И каждый день сидит Колька у плетня и все смотрит вдаль, на поворот дороги... Он гладит холодными ручонками отцовские сапоги, и в глазах у Кольки блестят слезы, текут по носу. Рукавами ватной кацавейки трет он нос.
Мать велит Кольке заварить корове пойло, нарубить хворосту, сходить за водой. И Колька опять норовит к плетню уйти -- поглядеть. Любил Колька отца... У кого бы спросить о нем? Спросил раз у кузнеца, а тот пьяный.
-- А чего,-- говорит,-- тебе, ежели и убили. Война... Не пишет письма, значит, убили.
Даст пойло корове Колька, посмотрит ей в глаза -- корова не знает, баран тоже. Собака соседняя, кривая, Волчок, тоже не знает. Любил ее Колька -- помнил, отец ее гладил... И Колька гладил собаку.

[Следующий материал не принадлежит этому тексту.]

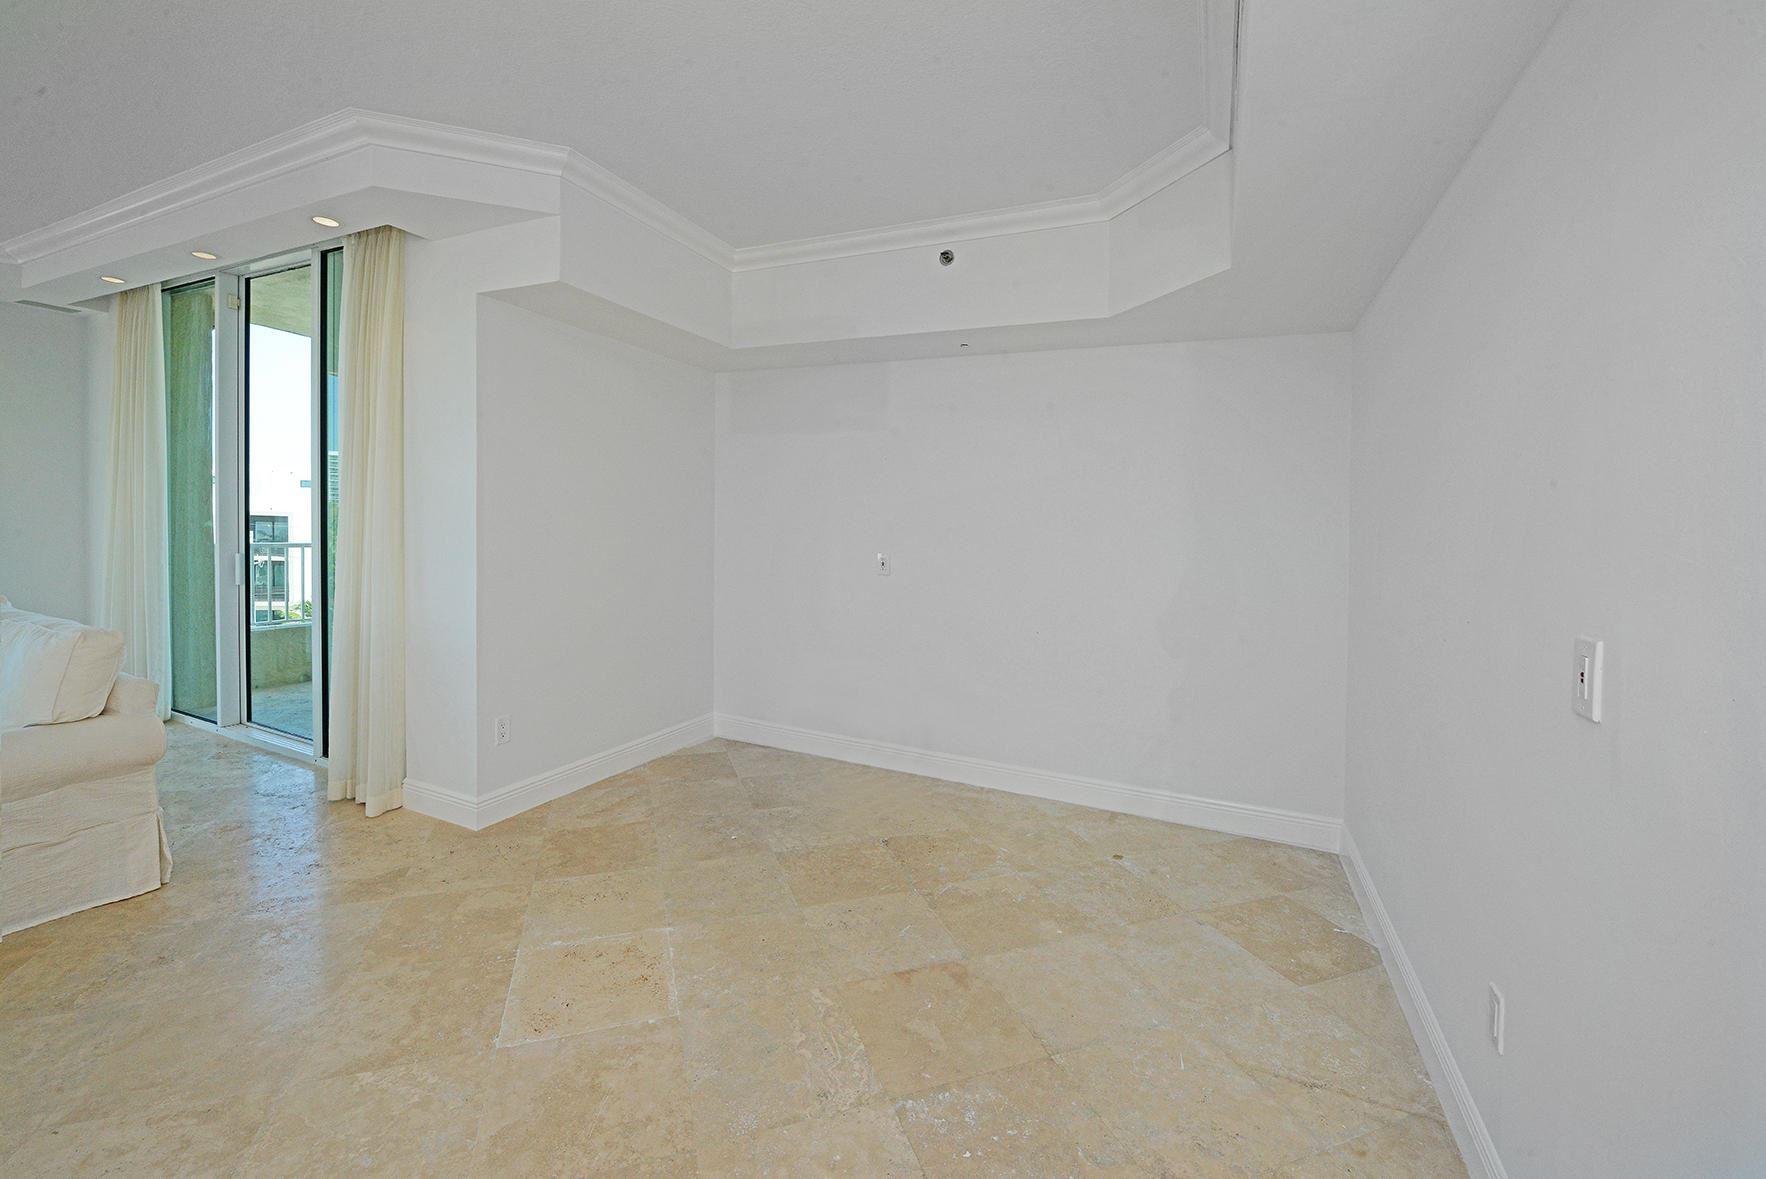 3700 Ocean, Highland Beach, FL, 33487, TOSCANA NORTH TOWER I Home For Sale

Придет в избу, положит в углу избы тятькин тулуп и ляжет на него. И тулуп-то вроде как отцом кажет ему. Сапоги поставит рядом рваные, большие, отцовские. Как-то лучше душе, теплей, отцовское-то около... И смотрит ночью Колька открытыми глазами в темь, и кажется ему, отец приехал. На нем рубаха новая, пояс. И глядит на него отец, и Колька баранку ест -- отец дал. Хорошо с отцом быть Кольке. И собака кривая тут же. Помнит Колька, как отец ему маковые лепешки привез. Сам не ел, все ему отдал. Сидит отец за столом и долго деньги считает -- серебро и бумажки.
-- Семь рублев,-- говорит,-- мало получил.

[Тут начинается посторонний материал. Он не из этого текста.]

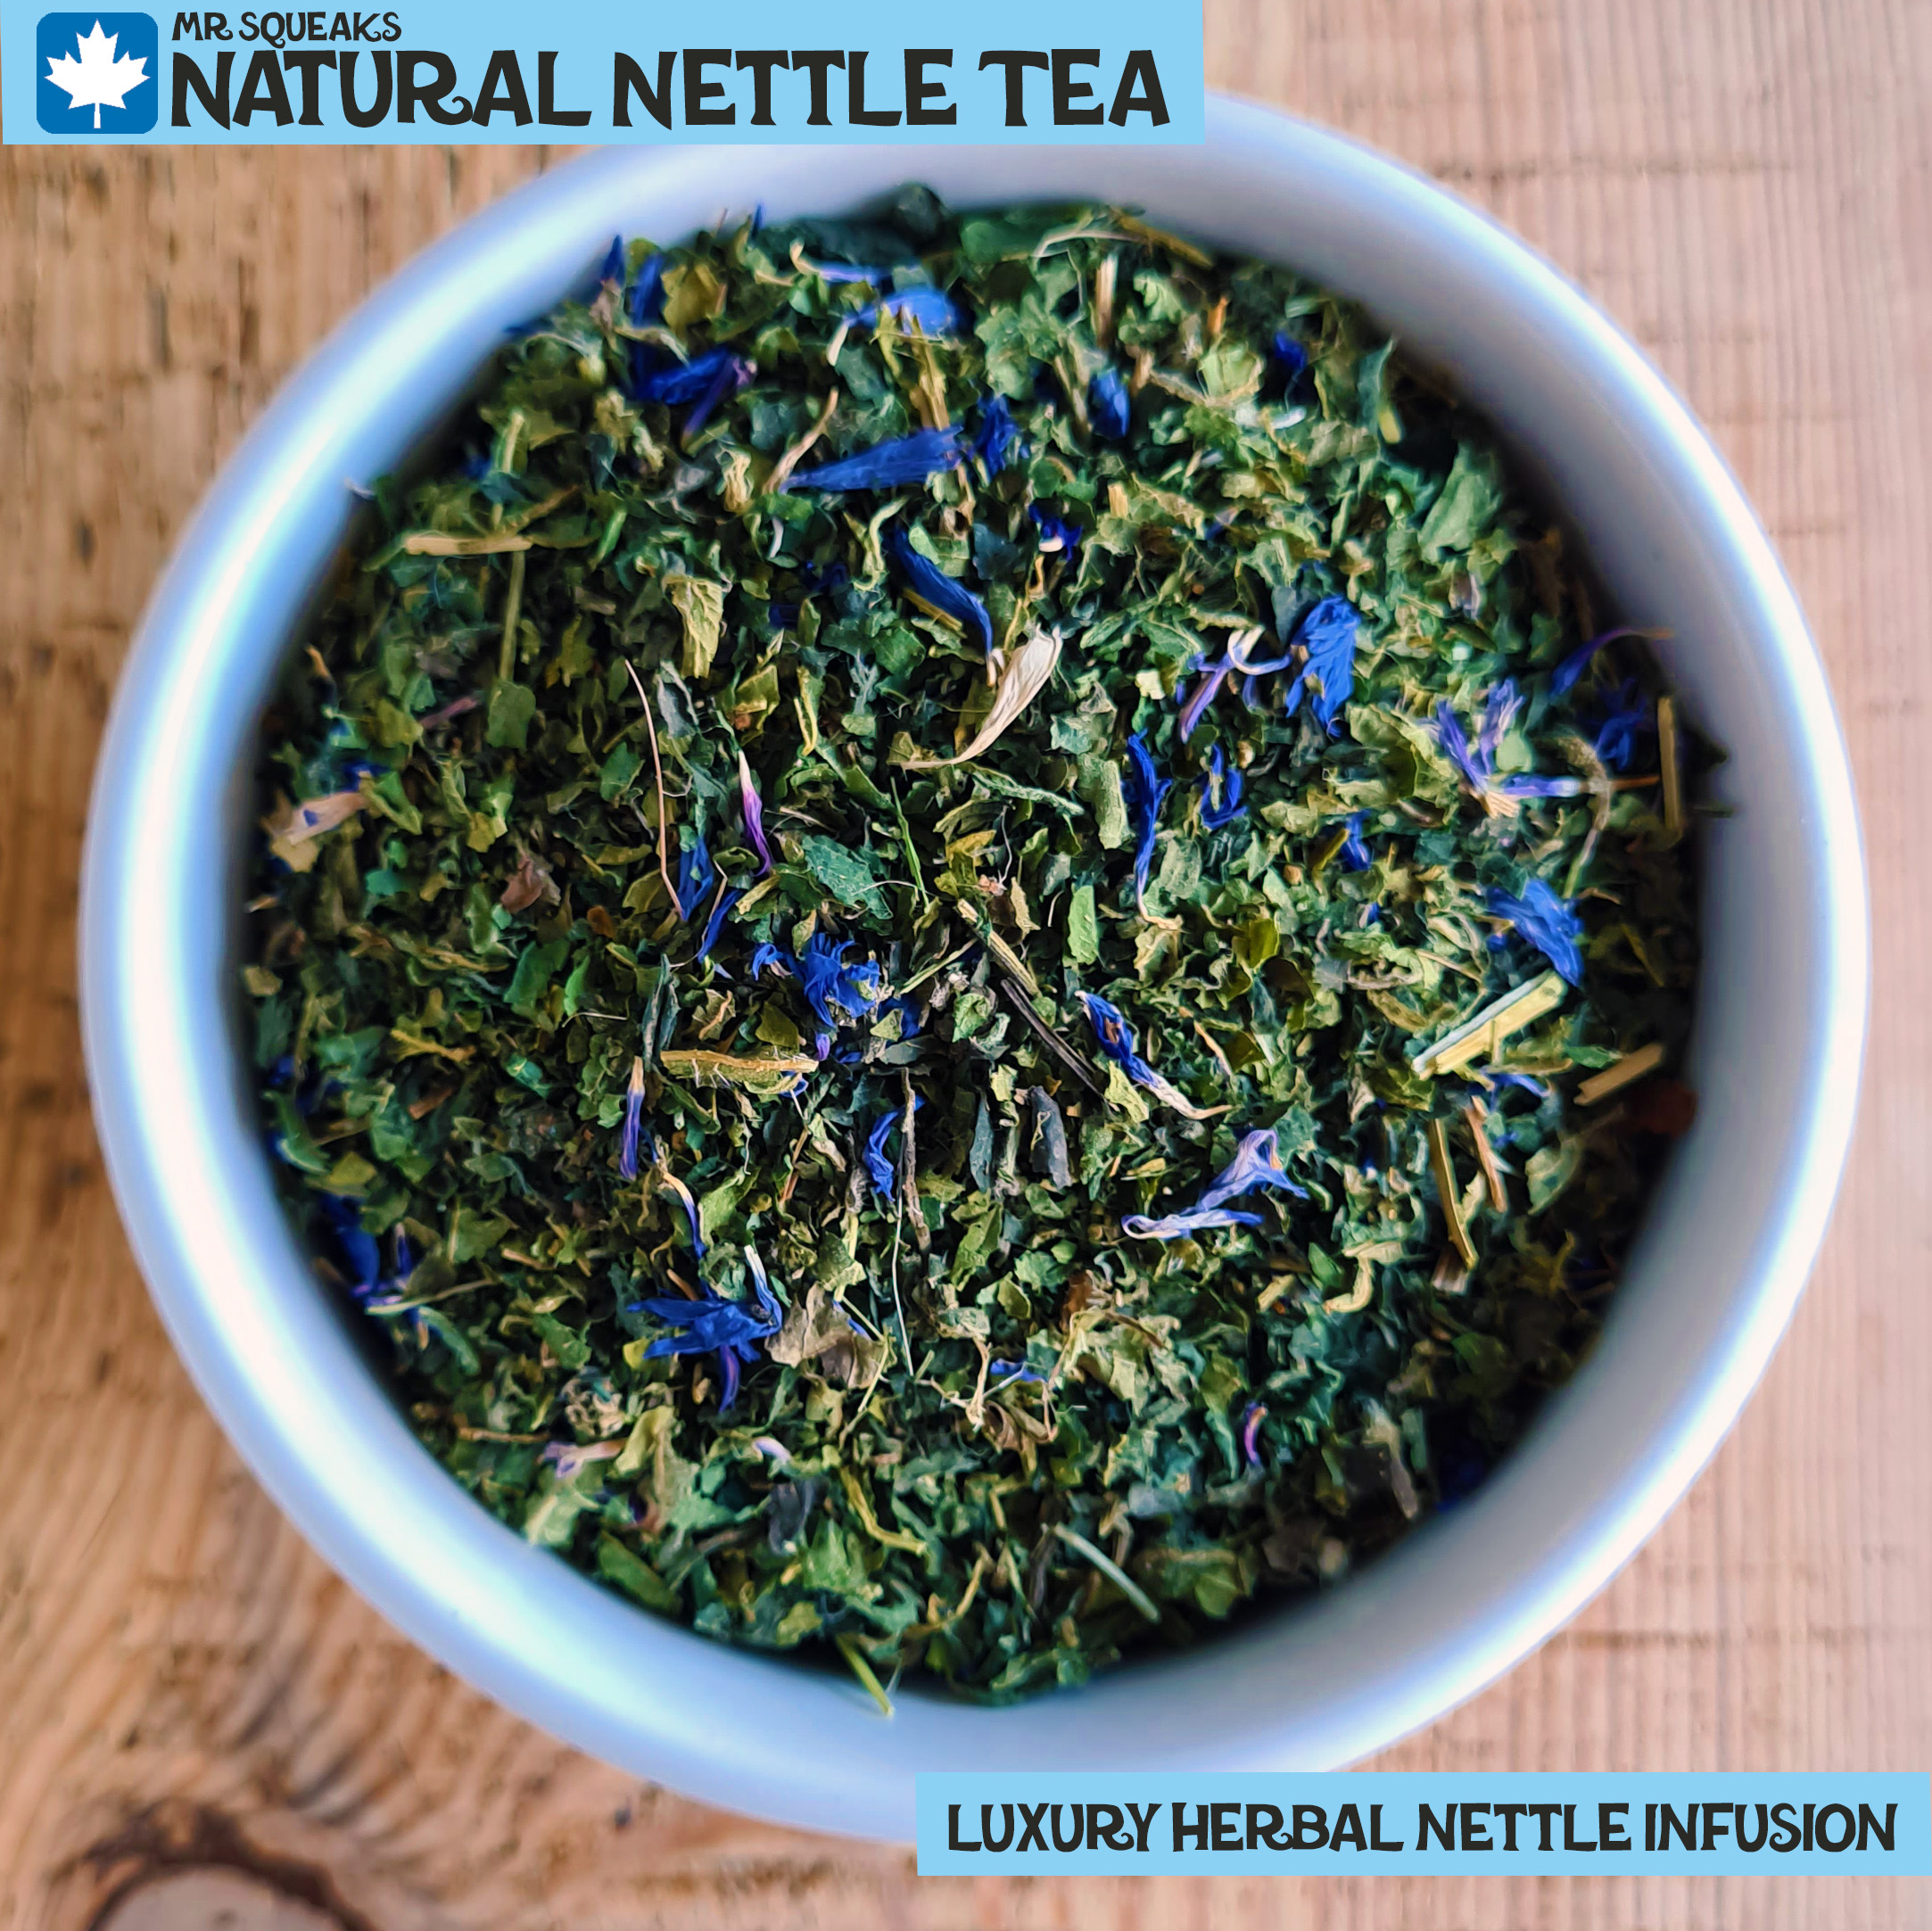 Natural Nettle Tea

И ему семитку дал. Только у Кольки семитку эту украли. А теперь к матери придут бабы, торочут, торочут -- "сирота", говорят, показывая на Кольку...
А мать плачет.
Упало сердце у Кольки: убили отца, значит, думает.
Пришло письмо Семену, а от отца все нет ничего...
Уж выпал снег. Приехал я как-то из Москвы в мой деревянный дом, и вечером вошел ко мне в комнату дедушка, сторож моего дома. И говорит:
-- Вот, пришел Колька, Авдотьин, что с краю, к вам.
-- Это Колька, у которого отец на войне?
-- Да,-- говорит дедушка.-- Этот самый. Ведь он, помните, с ребятишками ходил с вами, когда вы списывать картину ходили. Ящик ваш носил, а то зонтик. До войны. Больно об отце тужит, убили, знать, отца-то на войне, об ем слуху-то нет.
-- Позови его сюда,-- говорю я дедушке.
Тихо вошел ко мне Колька и в руках держал шапку. Он вырос и большими карими глазами смотрел серьезно и пристально на меня.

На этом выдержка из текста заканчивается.